2021-03-21lei: All Local Externals: bare git dir for alternates
This will be used for keyword (and label) storage for externals. We'll be using this to ensure we don't redundantly auto-import messages into lei/store if they're already in a local external (they can still be imported explicitly via "lei import").
2021-03-19lei: disallow "\n" in local externals paths
git 2.11 and earlier could not handle git directories with newlines in them, nor does libgit2 support them. Followup-to: d87dd0e679587043 ("config: reject `\n' in `inboxdir'")
2021-03-15lei q: do not import unnecessarily from externals
We only want to auto import messages that are exclusively in remote externals.

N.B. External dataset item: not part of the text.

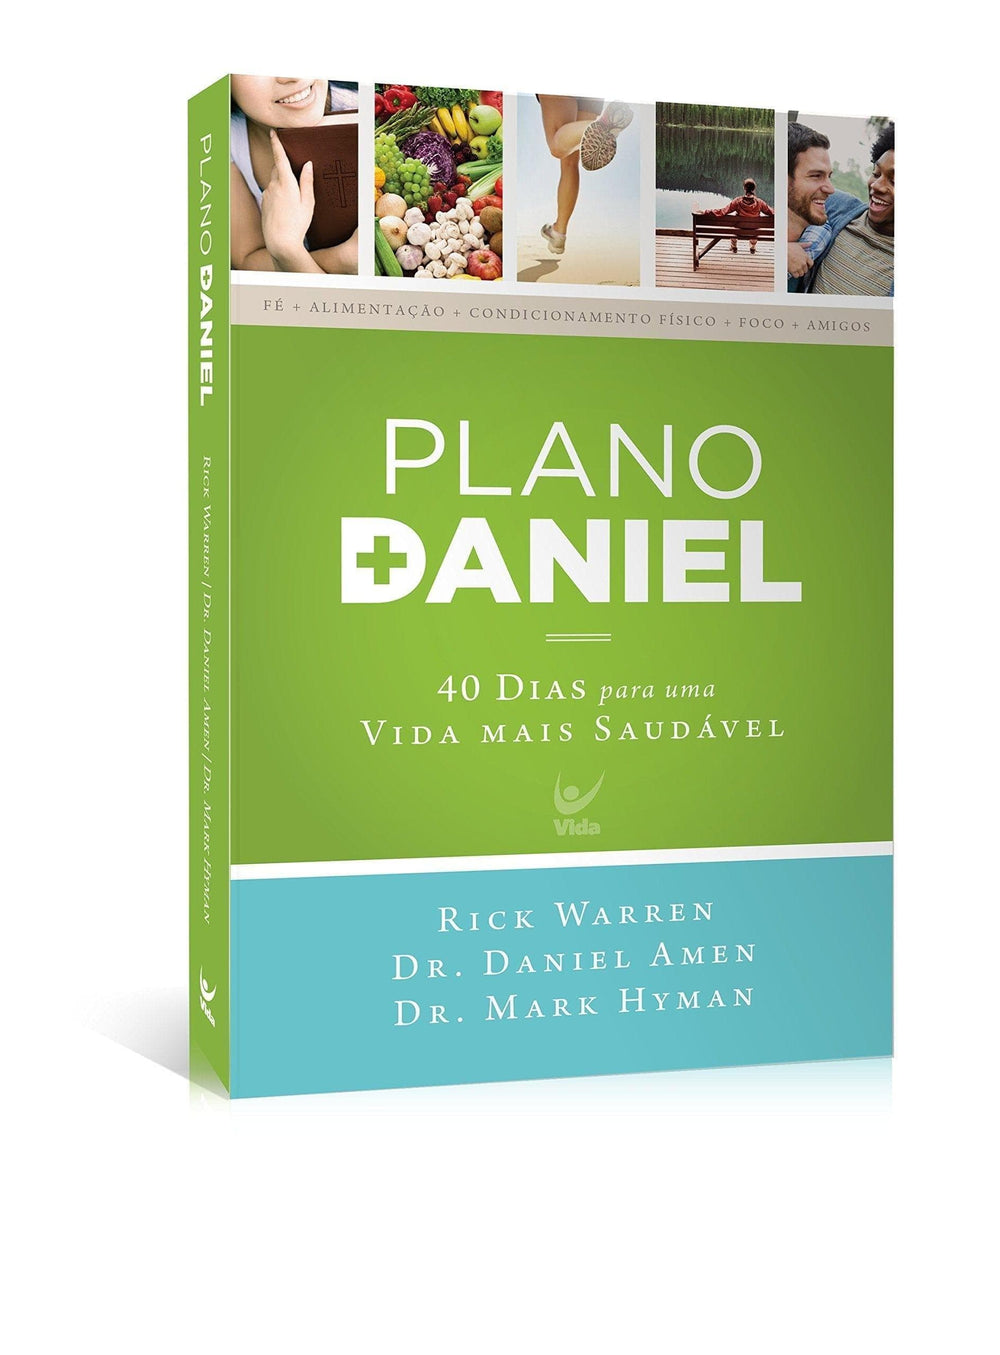 Plano Daniel: 40 Dias Para Uma Vida Mais Saudável - Pura Vida Books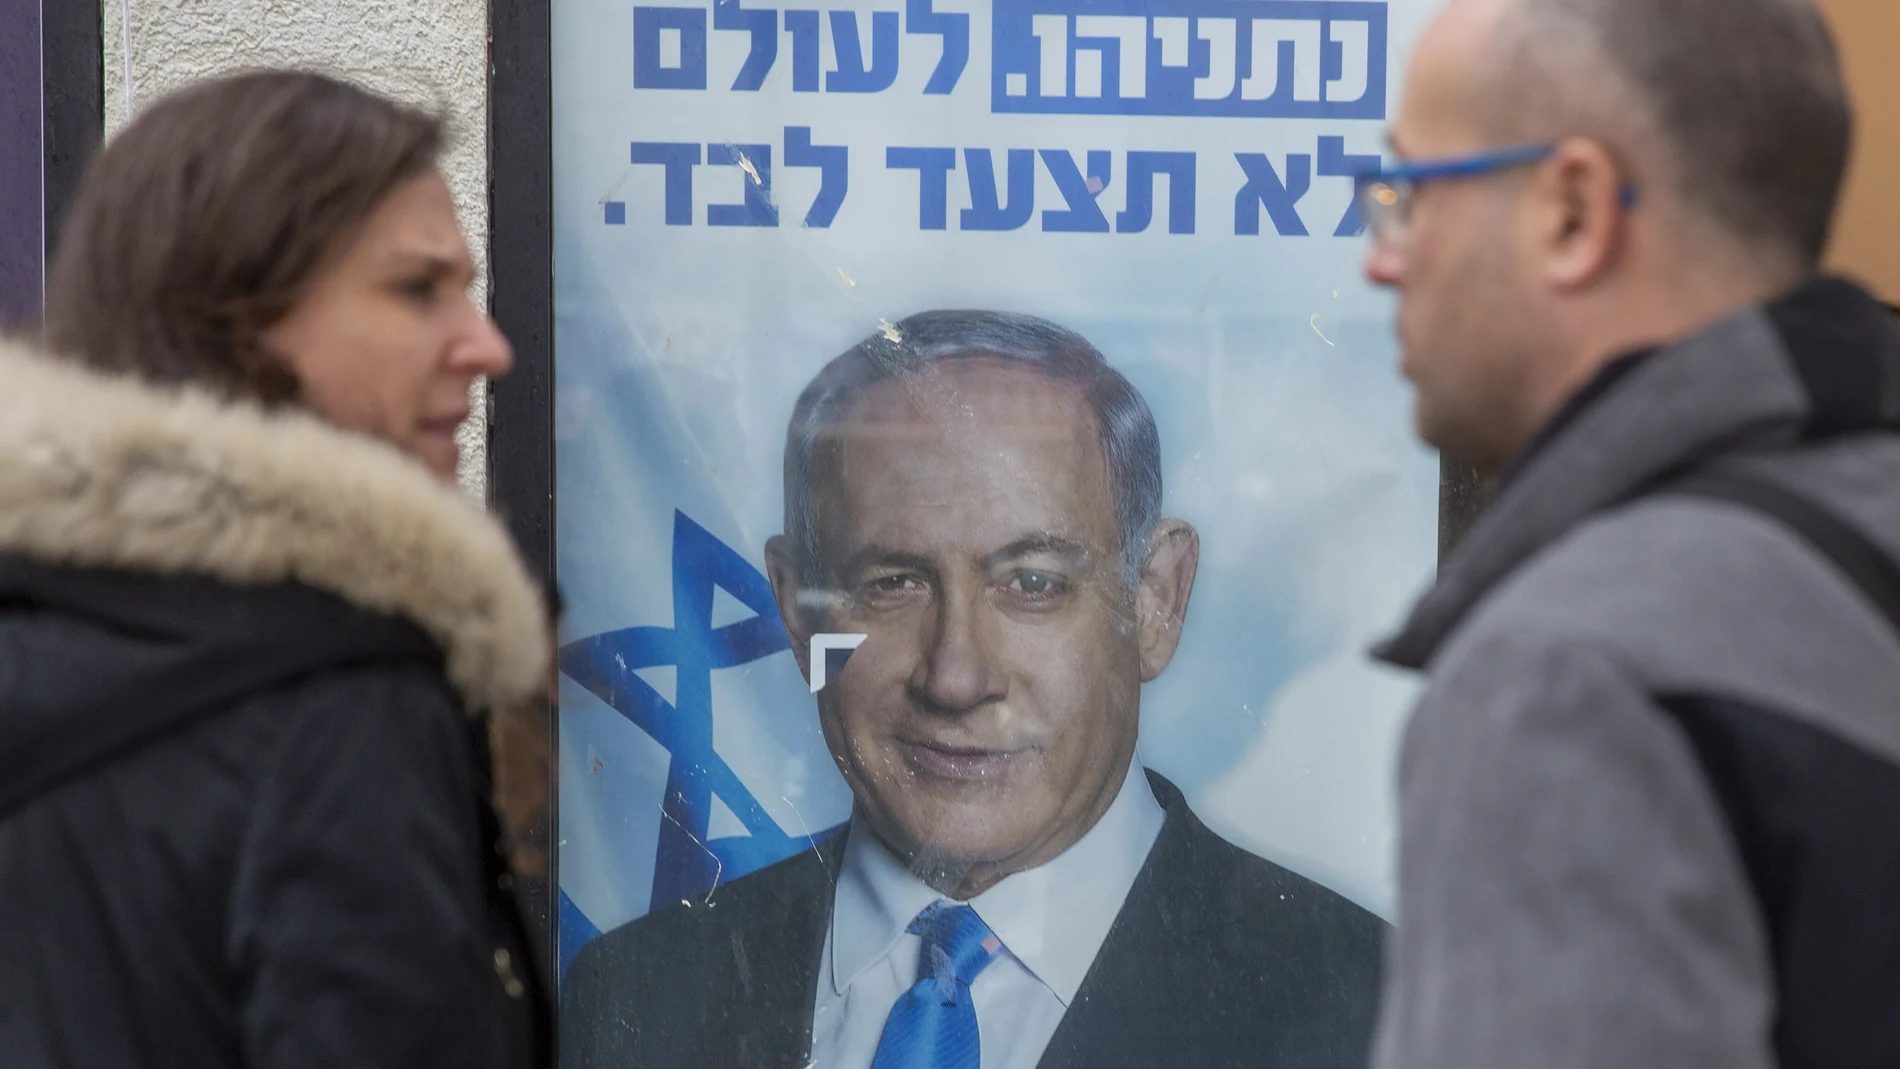 Cartel electoral del primer ministro de Israel y líder del partido Likud, Benjamin Netanyahu, en un colegio electoral de la ciudad de Hadera.

Messages in local externals are not auto-imported to save space and reduce wear on storage device.
2021-03-05lei q: one -t shouldn't set `flagged' on external mail
We only want to set `flagged' if a user requests it via a two '-t' switches. Fixes: 232f8e376fe2856c ("lei q: -tt marks direct hits as flagged")
2021-03-05search: use "z:" instead of "bytes:" prefix
So far, searching by size has never been publicly documented, and IMHO, of questionable utility. In any case, "z:" is what mairix(1) uses, so it may be familiar to existing mairix users (I've never used this prefix myself). So far, this prefix is only used internally in tests and in auto-translated queries from IMAP; thus this incompatible change is unlikely to affect anyone.
2021-03-04lei_xsearch: cleanup {pkt_op_p} on exceptions
We must ensure pkt_op_p doesn't live beyond the scope of ->do_query in the top-level lei-daemon, otherwise it can leave a stray socket hanging around in case of exceptions.
2021-03-04lei q: import flags when clobbering/augmenting Maildirs
This will eventually be supported for other mail stores, but Maildir is the easiest to test and support, here. This lets us avoid a situation where flag changes get lost between search results.